Article Text
Abstract
Background Injuries are a public health concern in Nepal. This study focuses on the remote Western district of Mugu where unintentional injuries occurring in family units were reported. Due to the remote location of Mugu there is limited access to adequate healthcare which can compound the impact of injuries when they occur. This study examines whether mHealth, specifically the mobile phone and use of interactive voice response (IVR) is an appropriate method to disseminate injury prevention information to caregivers of children in remote locations of Nepal.
Objective To evaluate implementation of an mHealth intervention using the mobile phone and IVR to prevent unintentional injury in Mugu and the feasibility of scaling up the intervention in rural areas of Nepal.

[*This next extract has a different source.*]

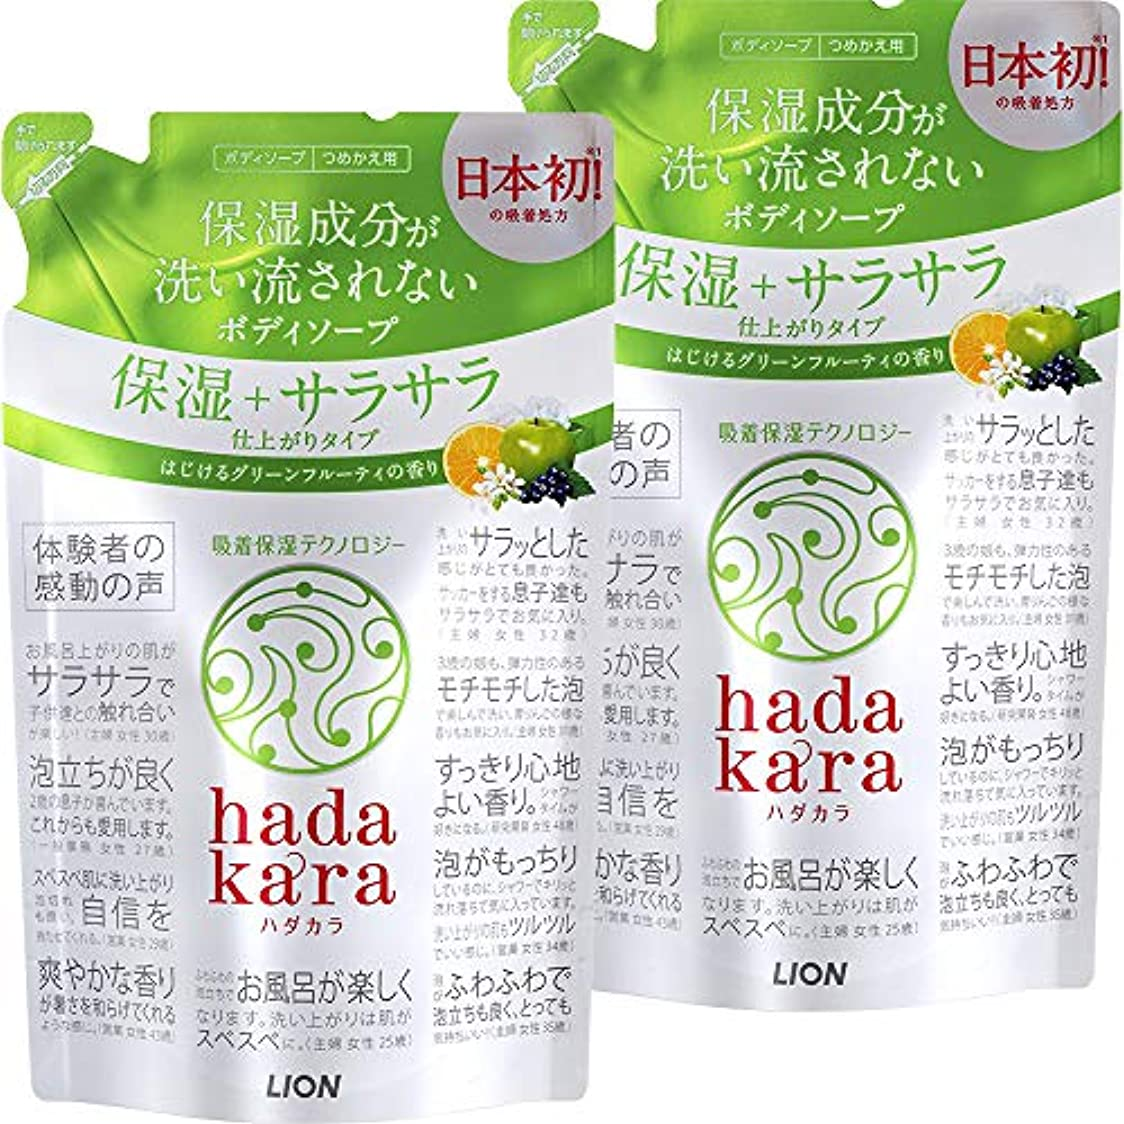 効能解明知らせる【まとめ買い】hadakara(ハダカラ) ボディソープ 保湿+サラサラ仕上がりタイプ グリーンフルーティの香り 詰め替え 340ml×2個パック

Methods A mixed methods evaluation of implementing an mHealth intervention was used. Injury prevention information was disseminated to participants via three methods. 47 participants received in person injury prevention information, 47 participants received injury prevention information in person and via mobile phone using IVR, and 157 participants received injury prevention information via mobile phone using IVR only. Pre and post tests were conducted via paper survey and IVR, and eight in person focus group discussions were conducted with fifty participants. Pre and post test survey responses will be compared and analysed, and focus group discussions will be thematically analysed. After analysis of findings, the next step will be the facilitation of a discussion with relevant stakeholders to determine the suitability of scaling aspects of the intervention in other rural areas of Nepal, and discuss the feasibility of application in other rural contexts in low and middle income countries in Asia.
Results The findings from this study are currently being analysed and will be available for presentation at Safety 2024.
Conclusions Full findings from this study will be presented at Safety 2024. However, early analysis suggests that participants had differing opinions about the acceptability of the mHealth and IVR intervention, with some participants favouring face to face methodology, and some favouring IVR.